● ABOUT THIS EXERCISE
Since the records include pictures, leave those out while you reproduce exactly and only the lines from the one containing "Edit Vectors Free" through the one containing "Illustrationsvektor eps10 vektor", inclusive.

● SOURCE DATA
---

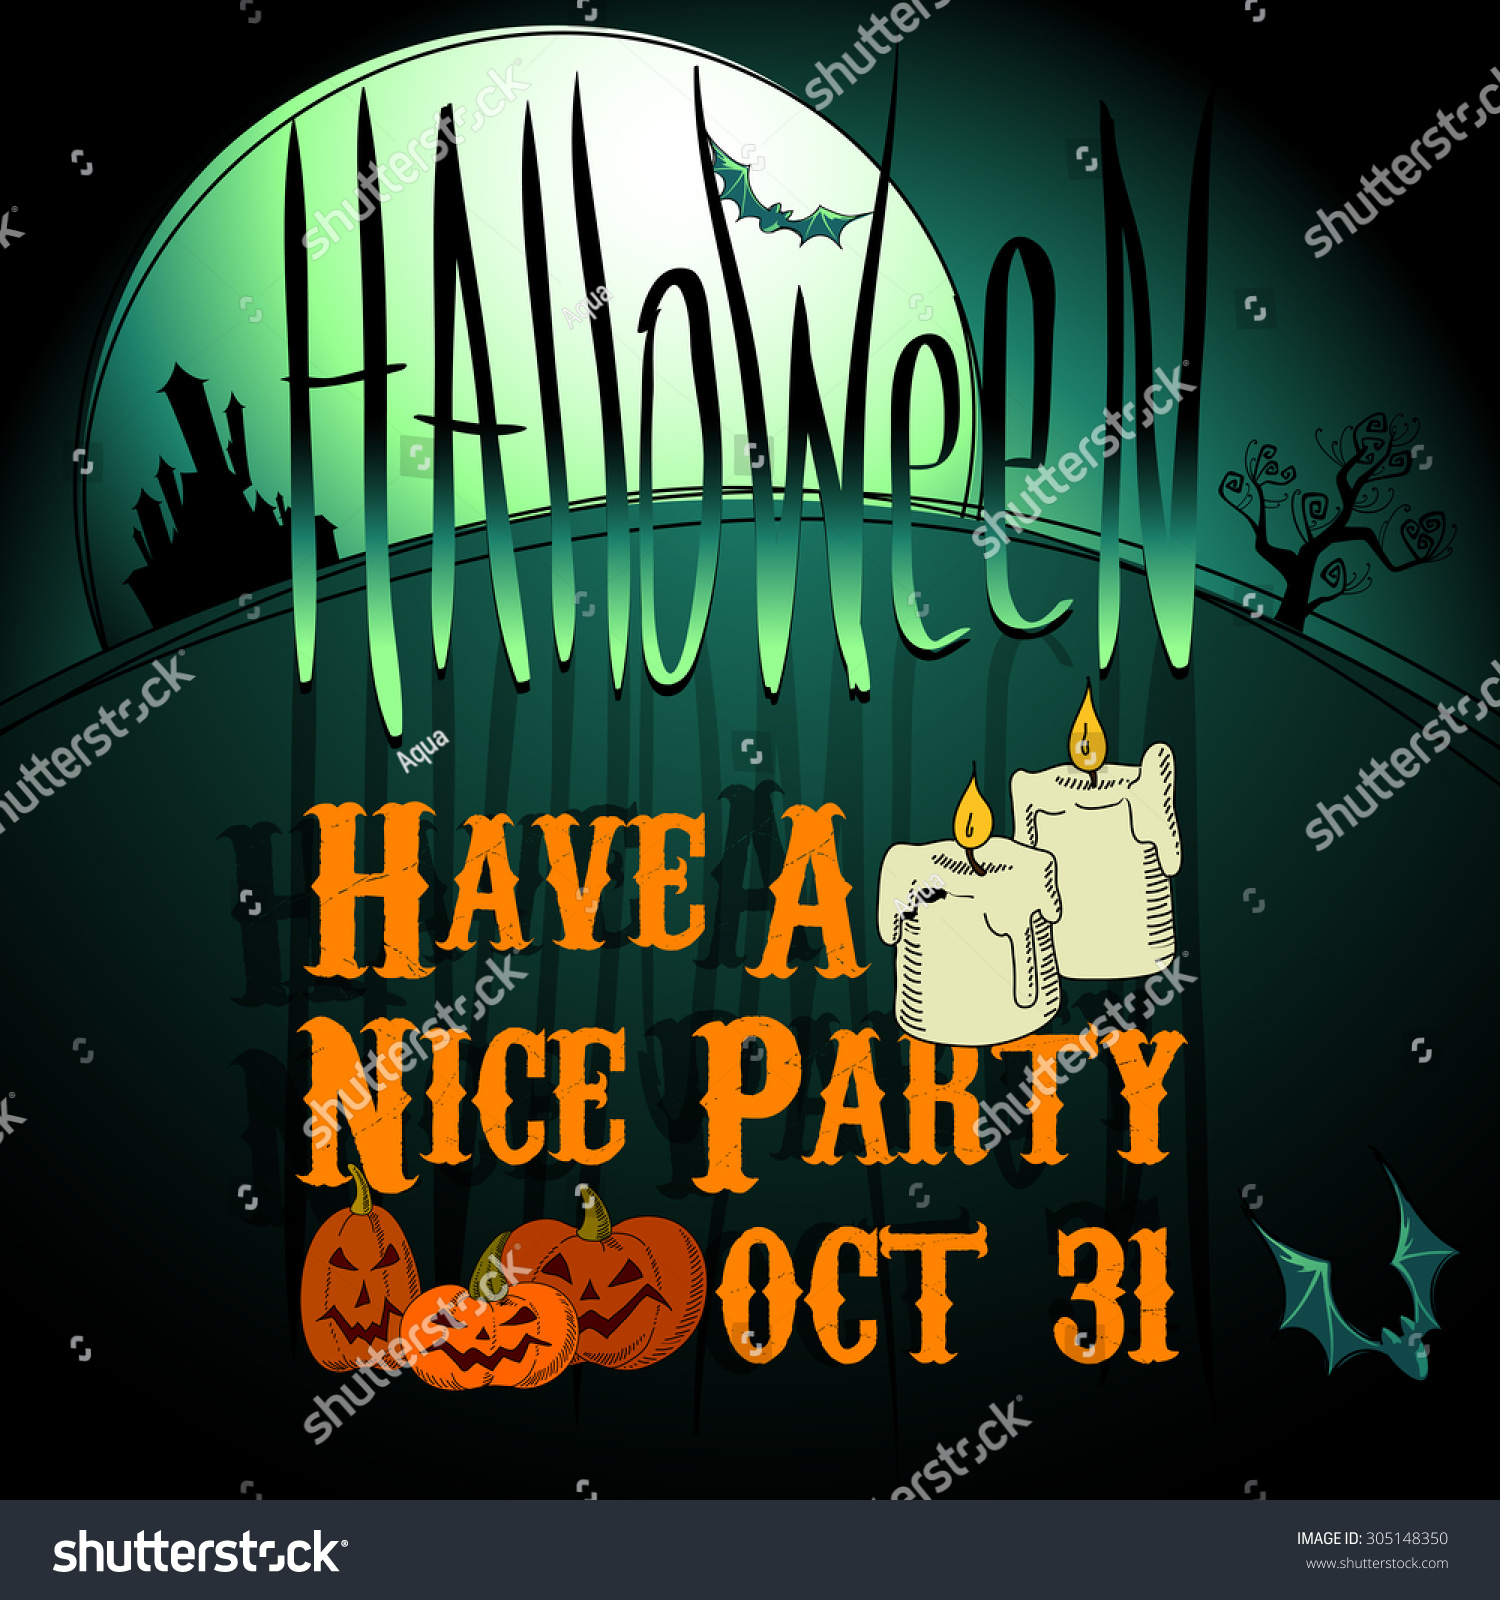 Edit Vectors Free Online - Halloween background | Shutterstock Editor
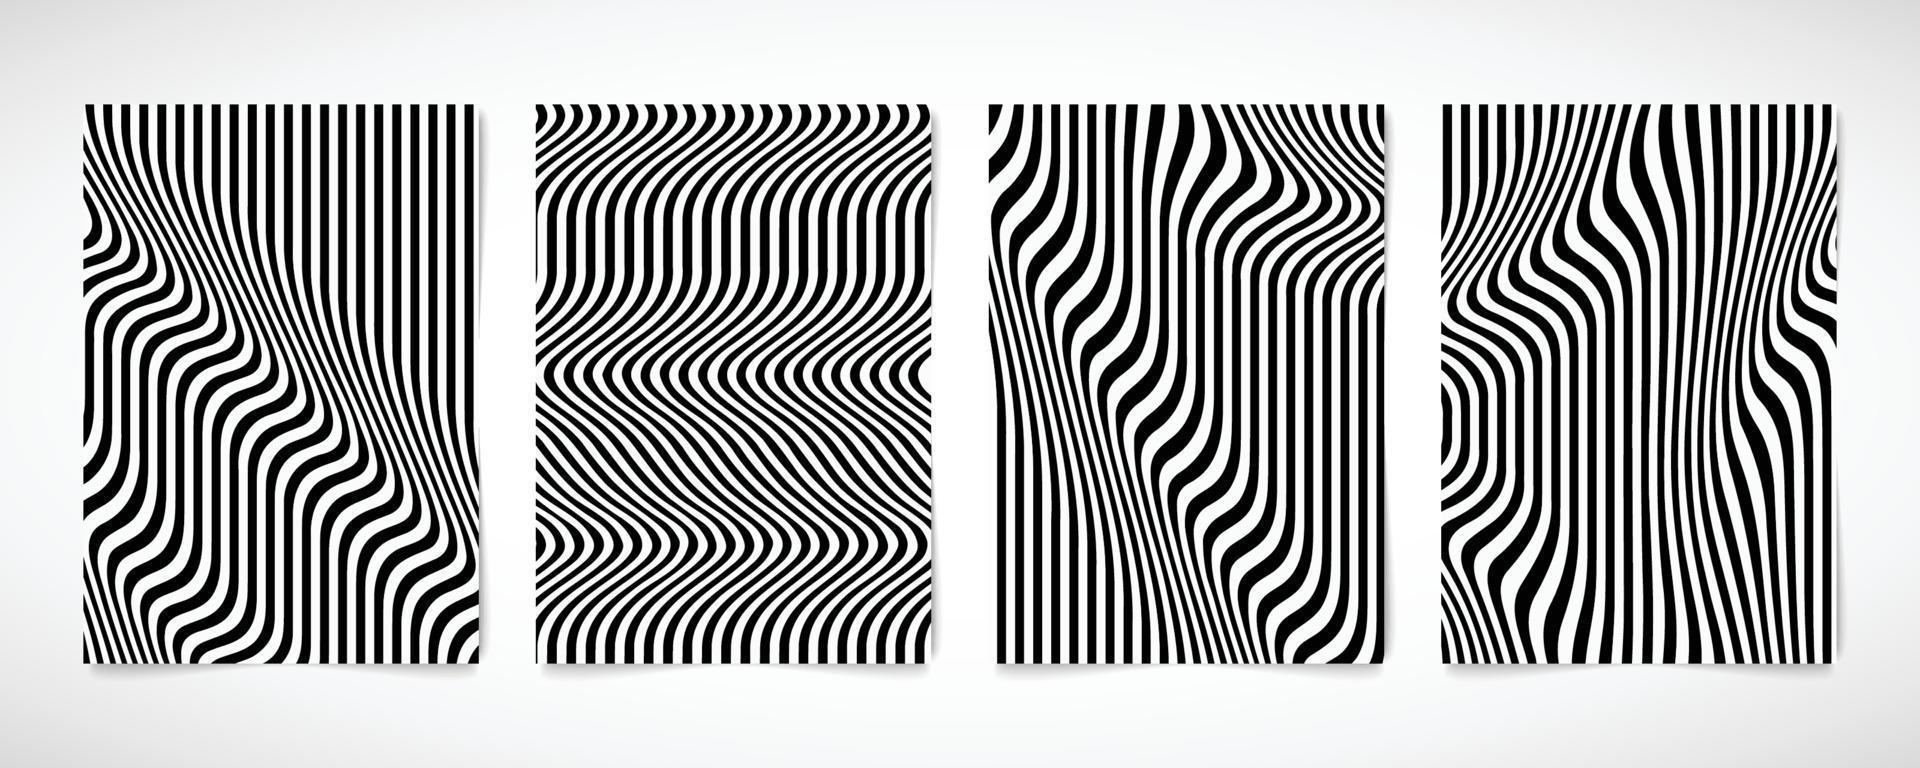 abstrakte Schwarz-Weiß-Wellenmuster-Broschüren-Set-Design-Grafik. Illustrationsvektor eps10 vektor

---

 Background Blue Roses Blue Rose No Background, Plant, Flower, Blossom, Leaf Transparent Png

---

● EXERCISE RESULT
 Edit Vectors Free Online - Halloween background | Shutterstock Editor
 abstrakte Schwarz-Weiß-Wellenmuster-Broschüren-Set-Design-Grafik. Illustrationsvektor eps10 vektor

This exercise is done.